Ганна, проверив, что мальчики спят в своих кроватках, сидела с рукоделием за столом.

Уже был поздний час, все отужинали и разошлись на покой.

Неожиданный приезд молодого барина в имение вызвало суету среди немногочисленной прислуги, жившей в доме. А он, виновник этой суеты, так и сел в кресло, так и не сняв шинели.

Она молча отложила пяльцы, в которых уже по канве прослеживался рисунок, и сложив руки на коленях замерла, сама не зная в ожидании
чего.

Он соскучился и приехал к ней? Несмелая улыбка коснулась ее губ. Ей приятно было видеть Сережу, даже если он просто проездом чтобы увидеть ее и детей. А что не снял шинели, так то с дороги уставший. Дороги, поди, все замело и дорога – сущее наказание ездокам и лошадям.

- Попрощаться? – тихо прошептала она вслед за словами Сережи, ошеломленная услышанным.  Война? – мелькнула мысль, а он, словно услышав или угадав ее мысли, сказал, что никуда не едет. И только-только отлегло у нее от сердца, как прозвучали новые слова, в которые она отказывалась верить.

- Ты болен? Но чем? Сережа, может доктор ошибся!

Ошибся! Конечно, ошибся. Сердце стучало так, словно она в жаркий полдень спешно подымалась в горку. Чтобы по-бабьи не разреветься, Ганна прикусила губу. Больно. Почти до крови.

Бесполезно. Слезы текли сами по себе и чтобы скрыть их, Ганна спешно отошла к окну. Там, прижавшись лбом к холодному стеклу, было проще позволить слезам течь по щекам. Утерев из ладонью, Ганна наконец обернулась к Сереже.

- Это точно? И ты приехал проститься и благословить ребят?

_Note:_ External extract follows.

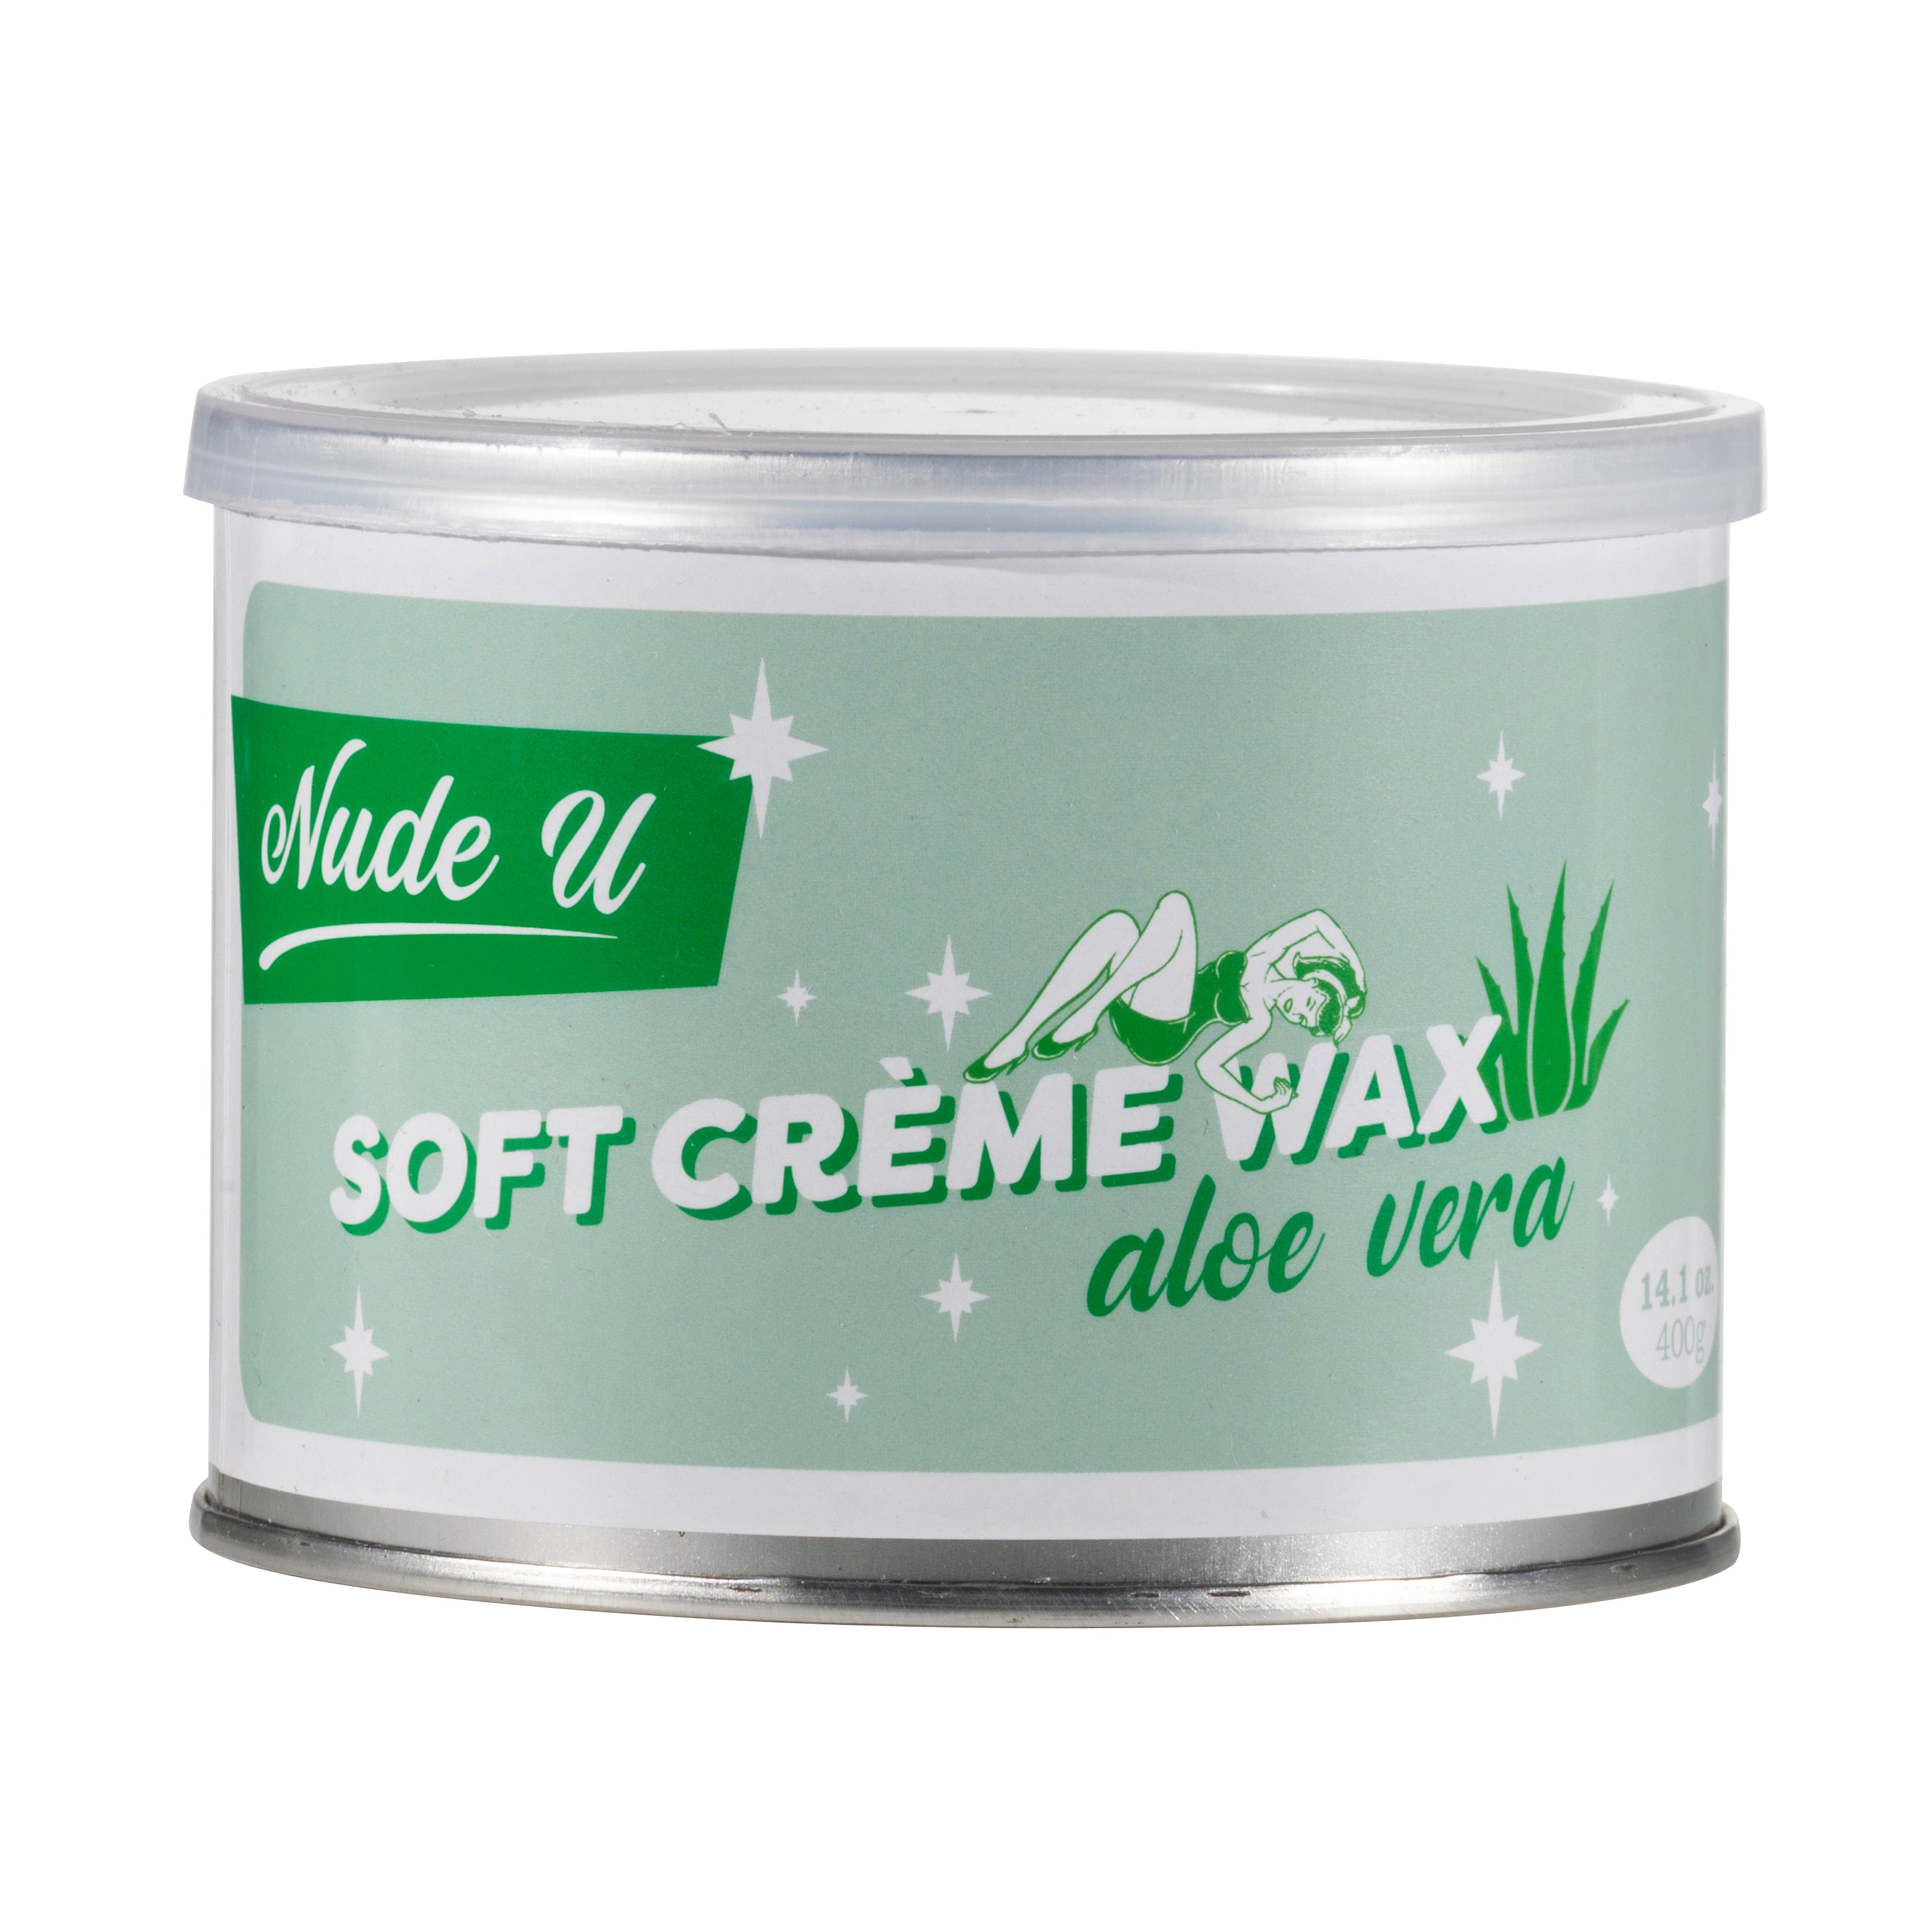 Aloe vera soft creme wax

Смерть это не что-то такое страшное. Это коснется каждого рано или поздно. Тяжело терять малых деток, тяжко прощаться со стариками, прожившими свой век. Год назад не стало ее матери. Та просто пришла с огорода, выпила холодной воды, легла на лавку и более не встала. Отец теперь живет один. Старшая сноха ходит смотреть за хозяйством.

Но вот так, чтобы молодой мужчина спокойно говорил, что скоро умрет? Горе горюшко, лихо лихое. А может, минует беда? Господь то милостив, не позволит деткам остаться сиротками.

Ганна так и стояла у окна, подперев одну щеку рукой, закусив губу и часто моргая, чтобы скрыть слезы. Глупо плакать. Вот его бы сестры не плакали. Они же барышни, дворянки. Эх, да куда ей ровняться то…

+2


Вы здесь » 1825 | Союз Спасения » Эпизоды » Помолись обо мне, мой друг...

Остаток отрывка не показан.